┌──
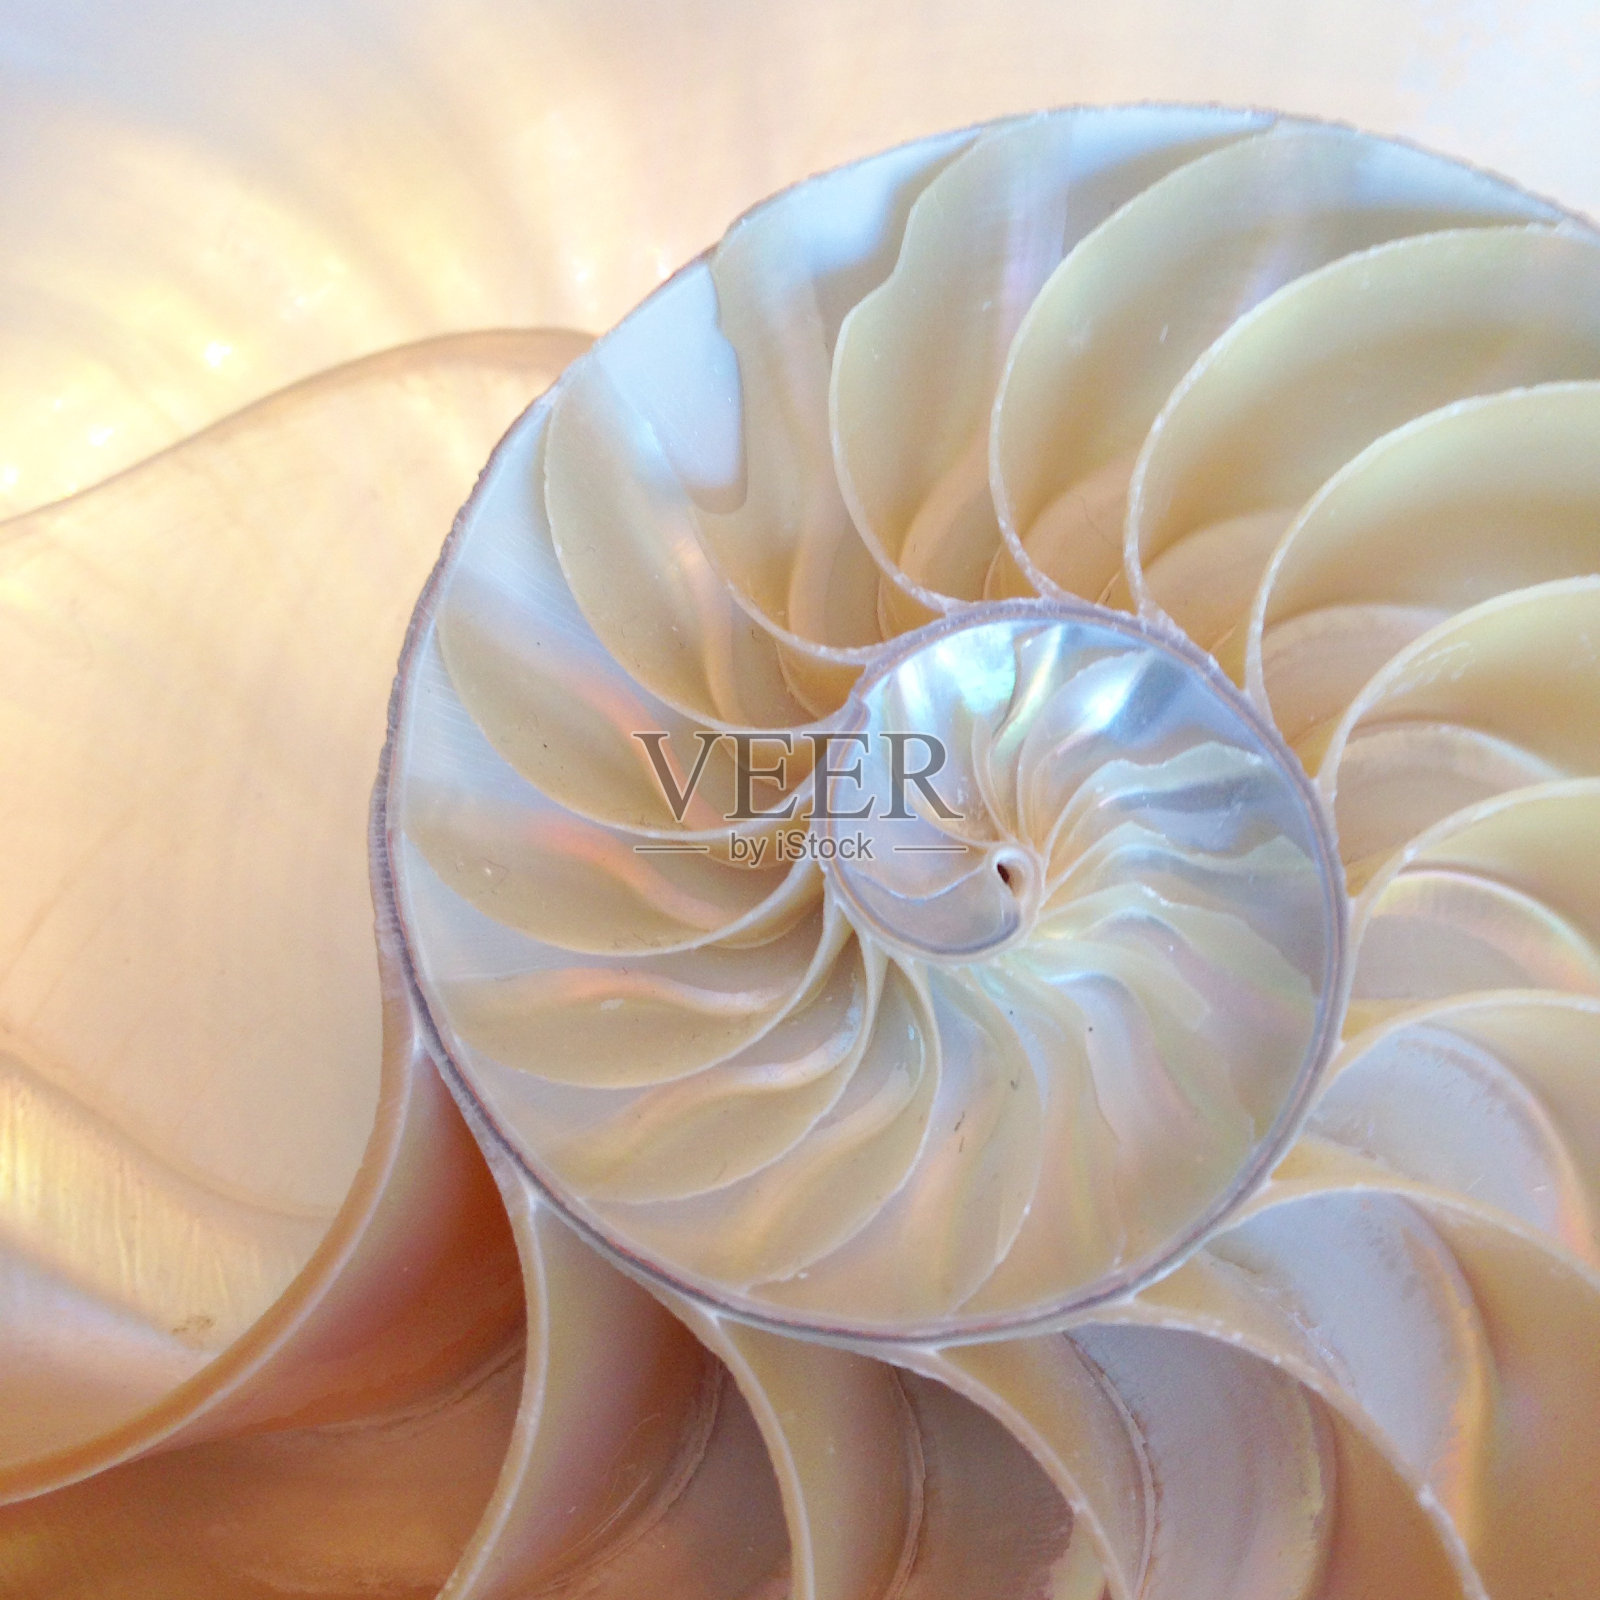 螺壳的截面呈对称螺旋状生长结构照片摄影图片
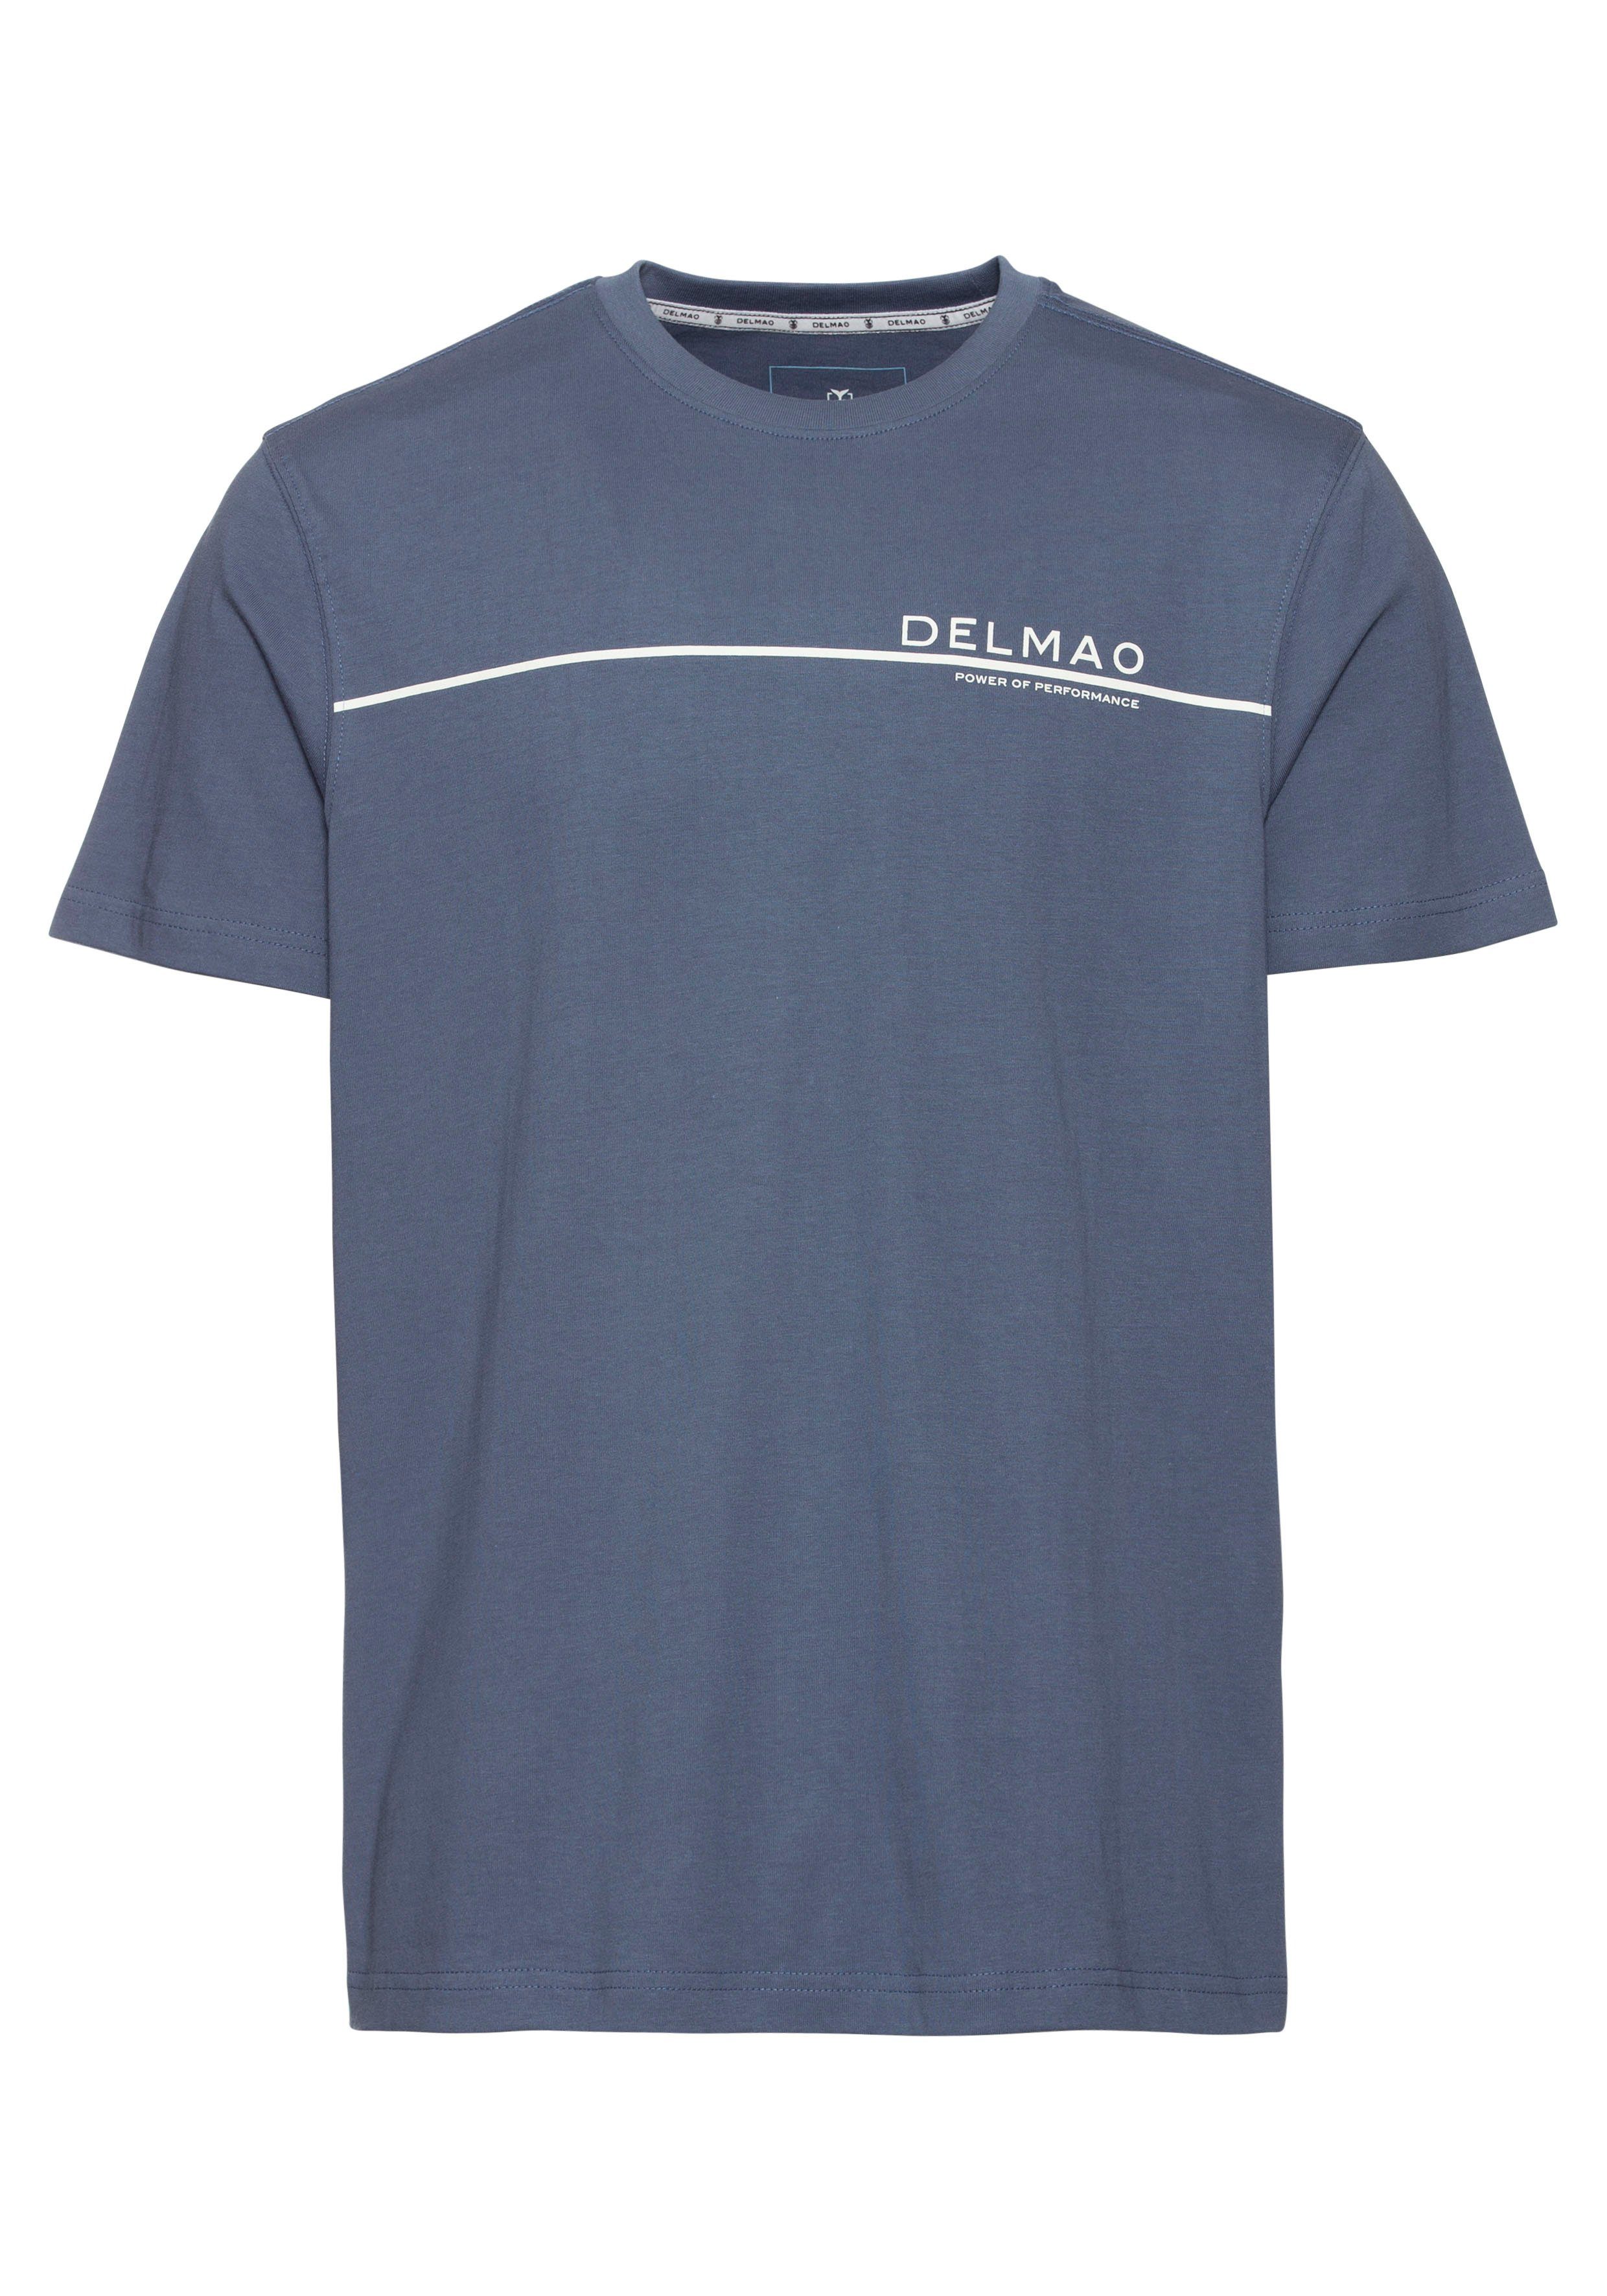 DELMAO T-Shirt mit modischem blau NEUE - indigo MARKE! Brustprint
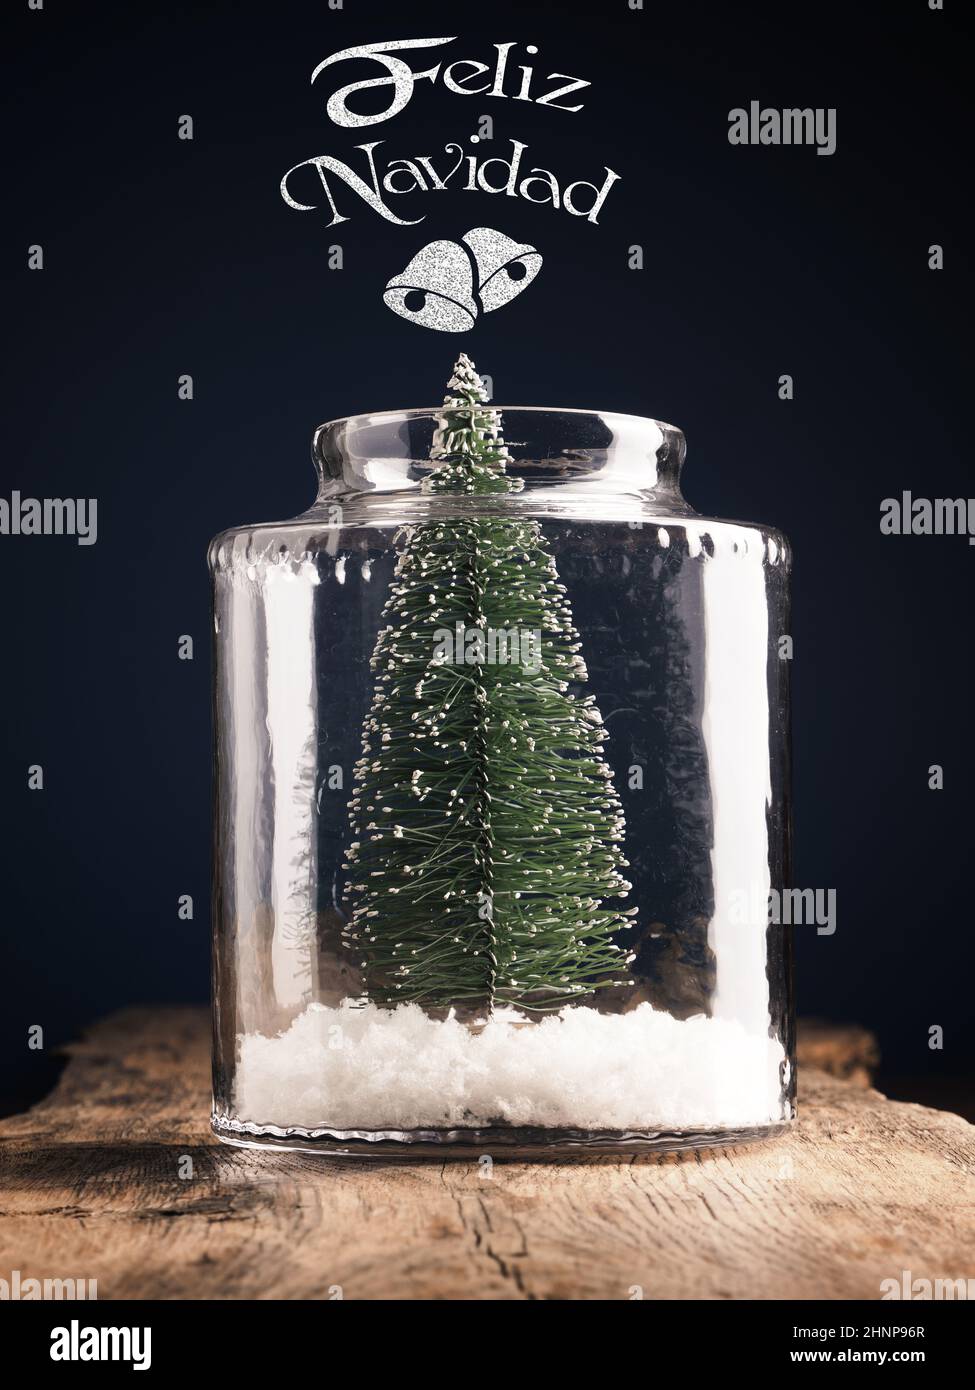 Ein Weihnachtsbaum im Glas mit Schnee, spanische Schriftzüge Frohe Weihnachten, Weihnachtskarte, Urlaubskonzept Stockfoto
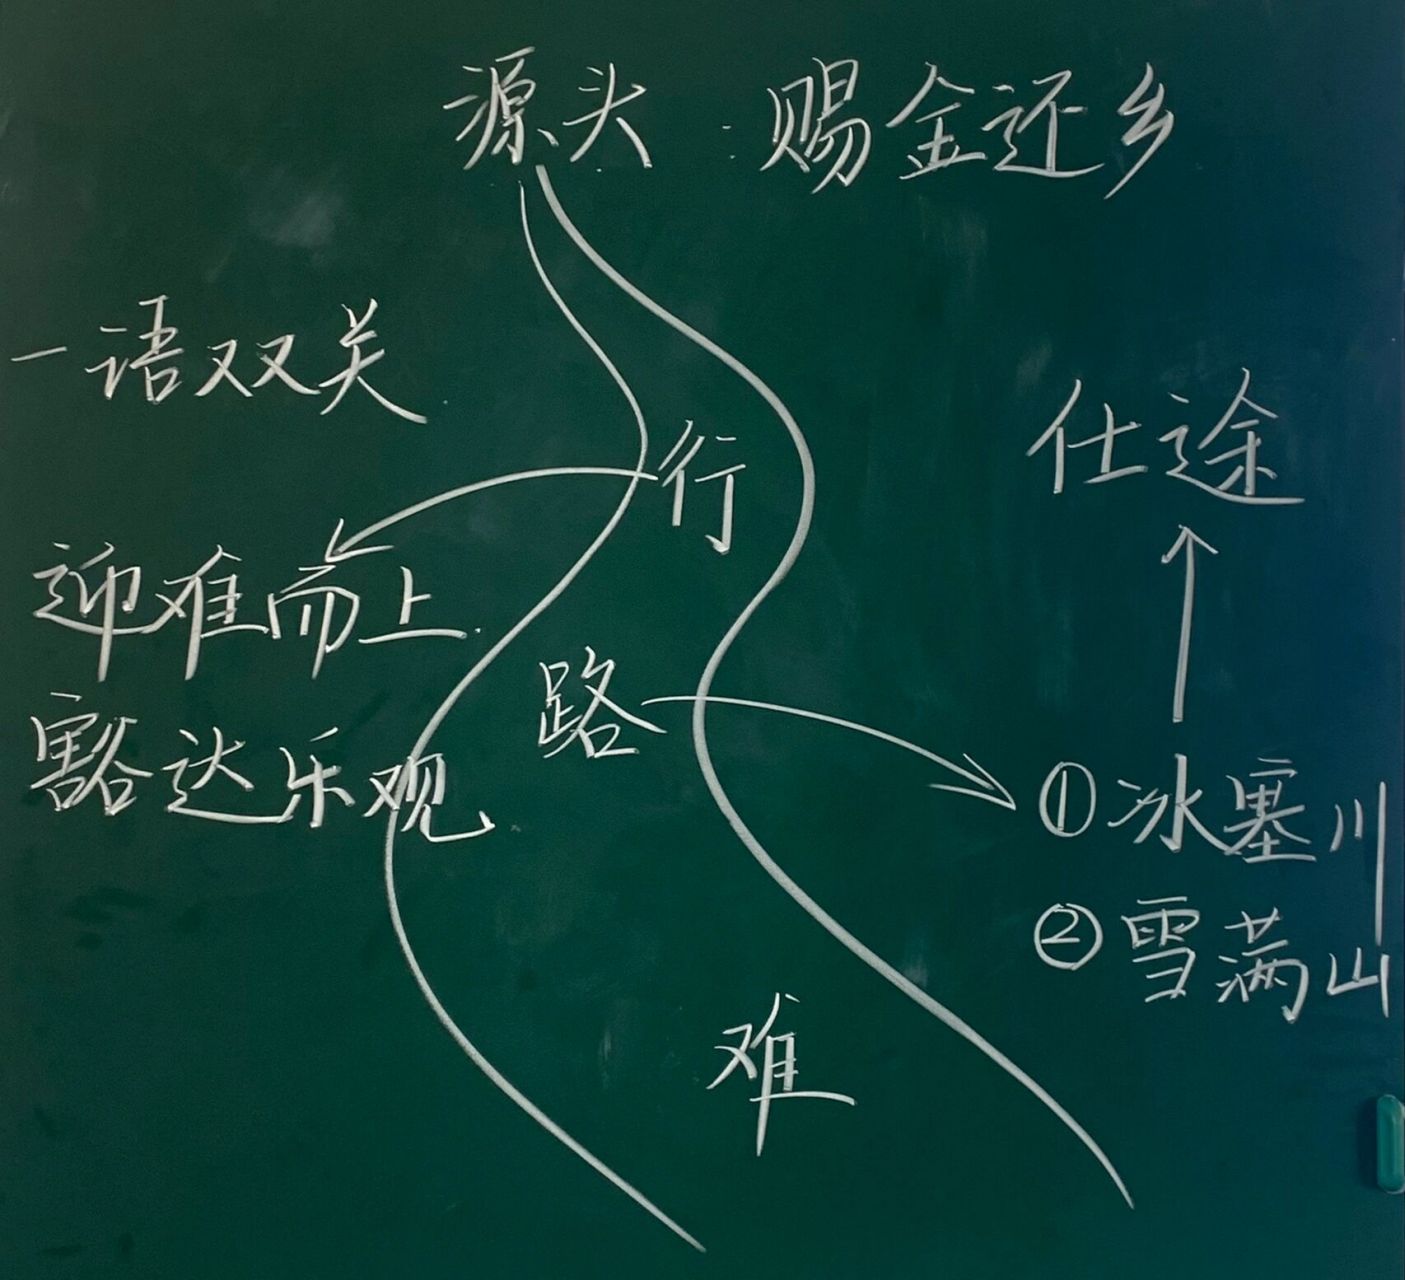 初中语文简笔画板书图片
└──
> Exercise:
Whenever a line holds a picture, print that line without the picture. All other data must be output exactly.

> Exercise result:
 螺壳的截面呈对称螺旋状生长结构照片摄影图片
 DELMAO T-Shirt mit modischem blau NEUE - indigo MARKE! Brustprint
 Ein Weihnachtsbaum im Glas mit Schnee, spanische Schriftzüge Frohe Weihnachten, Weihnachtskarte, Urlaubskonzept Stockfoto
 初中语文简笔画板书图片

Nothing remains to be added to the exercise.